What needs to be done:
From the data below, please reproduce exactly everything from the line that contains "Cleveland State Men’s" down to the line that contains "This guitar is", with both ends included.

Material shown:
· · · · · · ·
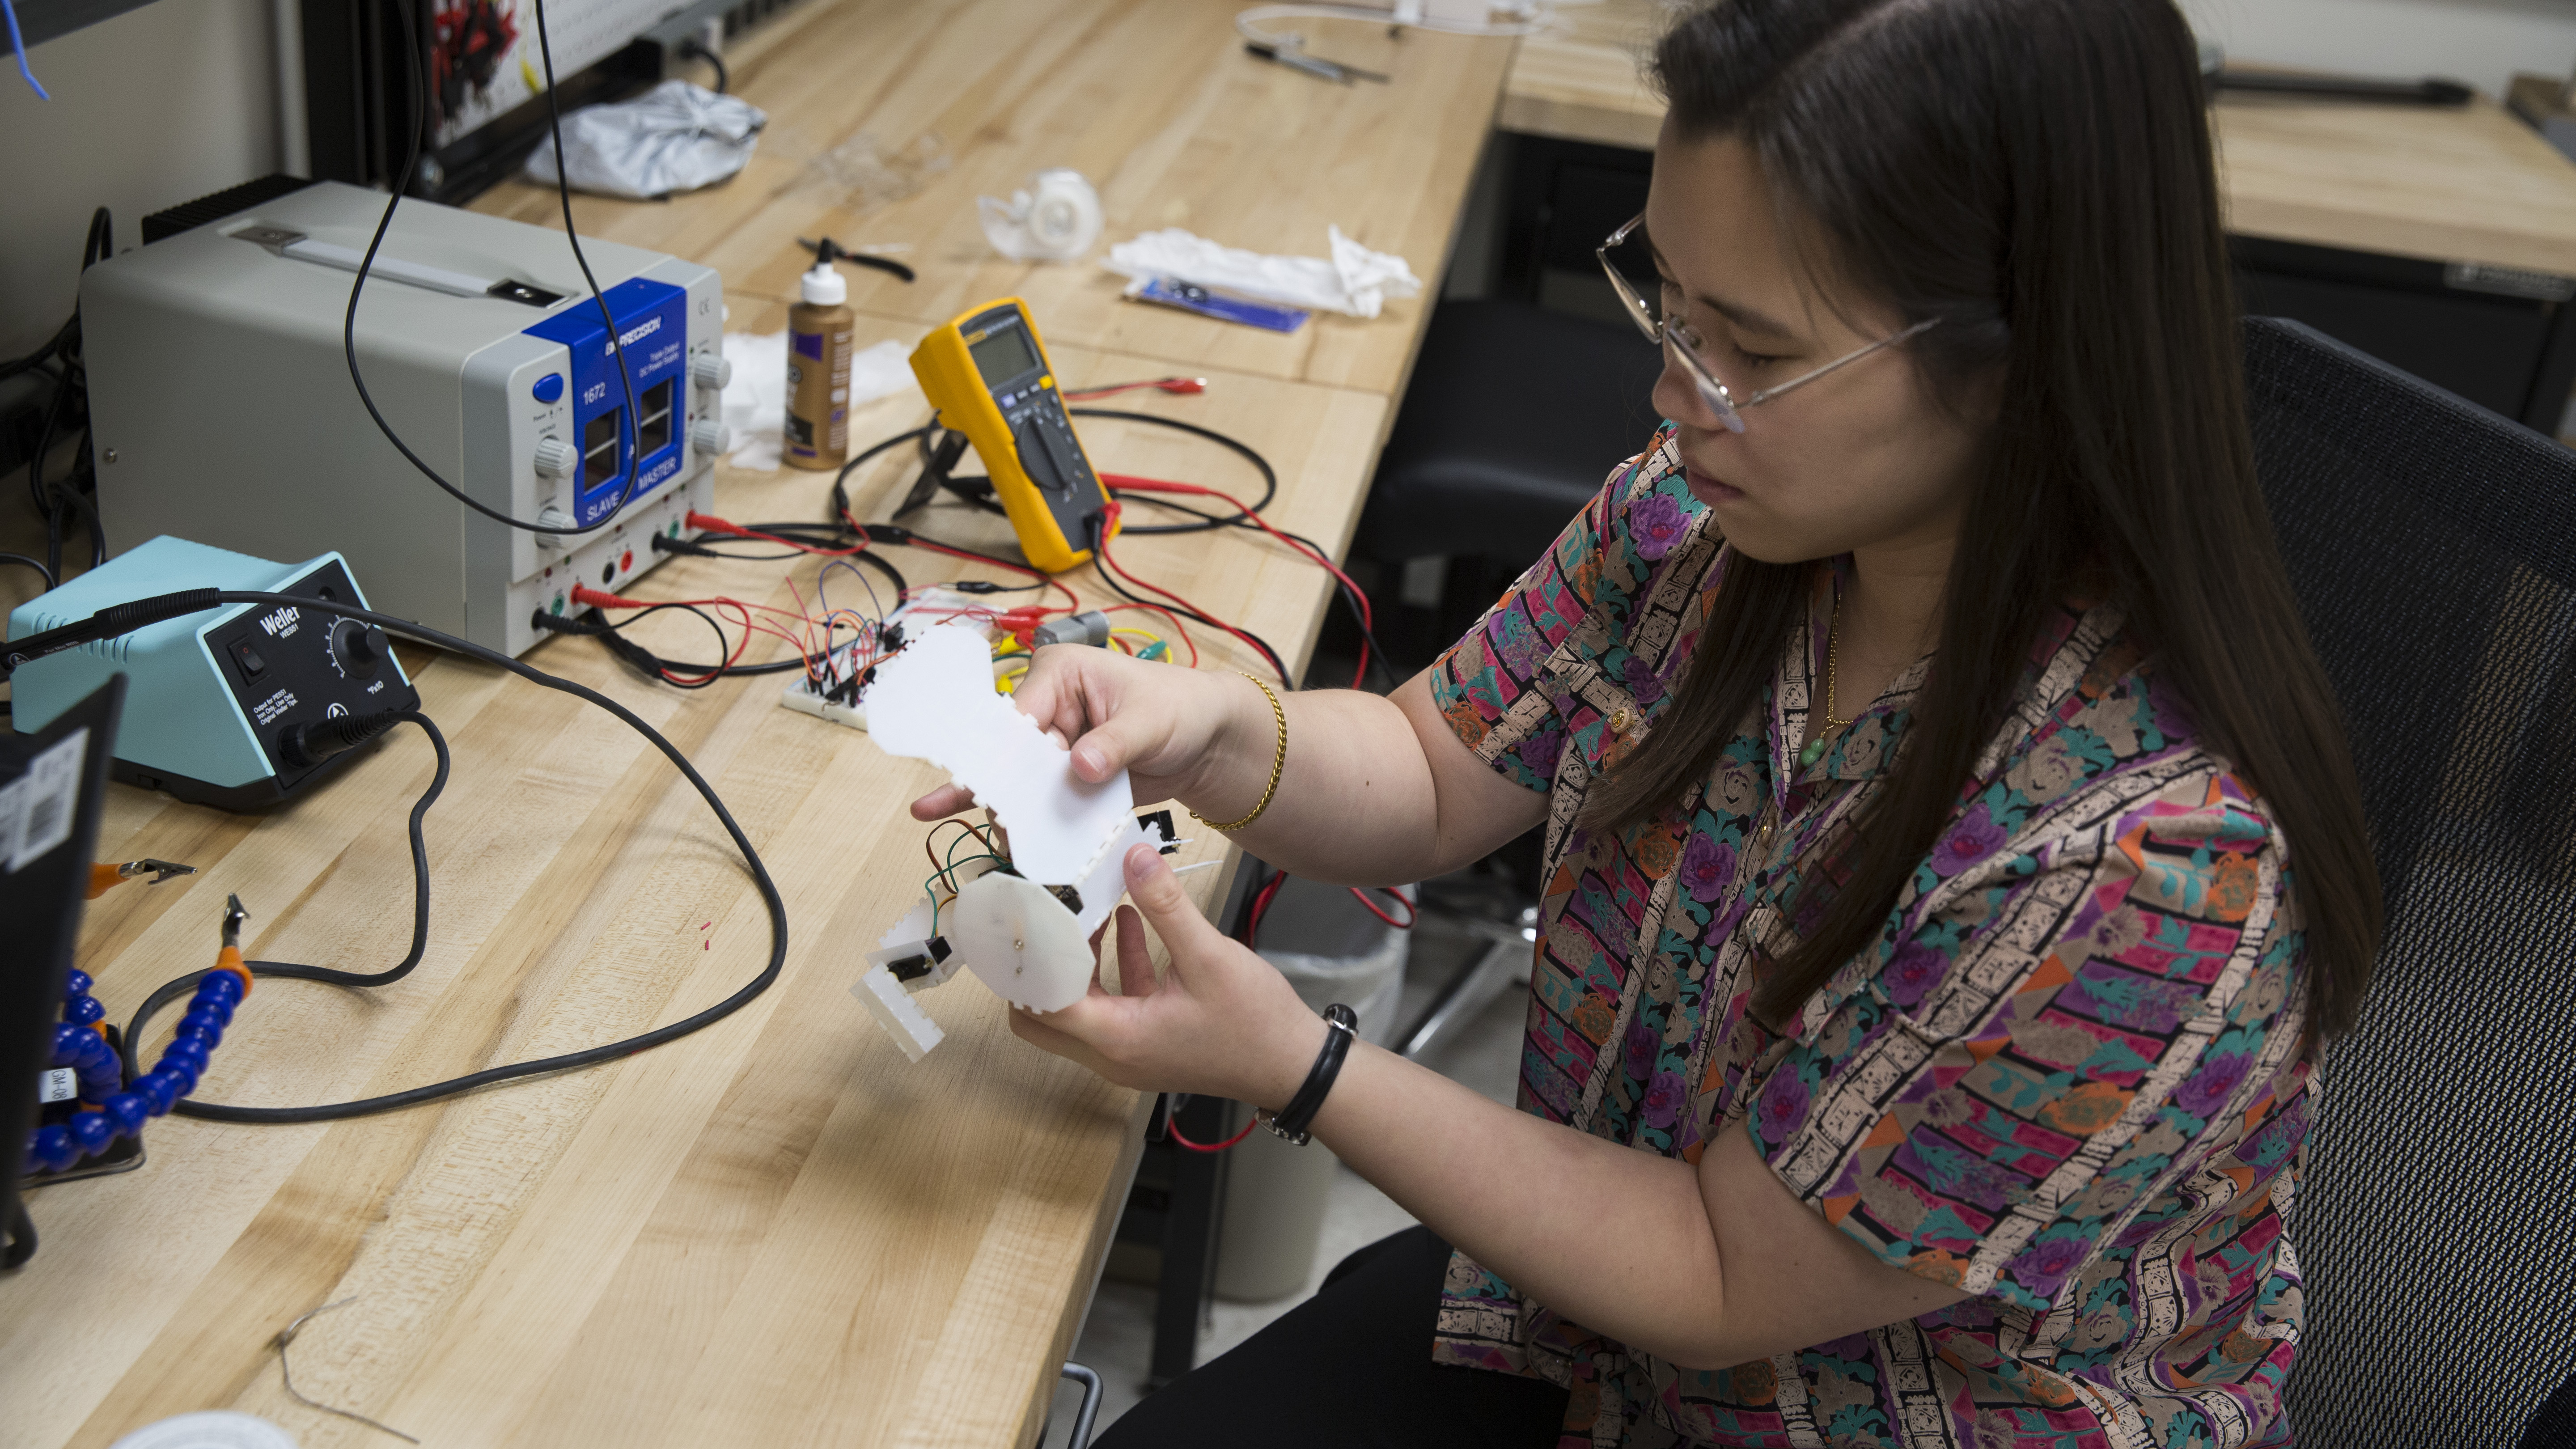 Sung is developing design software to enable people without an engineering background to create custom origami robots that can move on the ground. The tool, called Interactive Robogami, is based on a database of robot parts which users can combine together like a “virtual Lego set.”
· · · · · · ·
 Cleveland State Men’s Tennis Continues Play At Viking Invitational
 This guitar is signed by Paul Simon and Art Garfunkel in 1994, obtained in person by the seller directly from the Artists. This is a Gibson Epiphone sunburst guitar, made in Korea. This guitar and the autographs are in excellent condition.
· · · · · · ·
Response for this exercise:
 Cleveland State Men’s Tennis Continues Play At Viking Invitational
 This guitar is signed by Paul Simon and Art Garfunkel in 1994, obtained in person by the seller directly from the Artists. This is a Gibson Epiphone sunburst guitar, made in Korea. This guitar and the autographs are in excellent condition.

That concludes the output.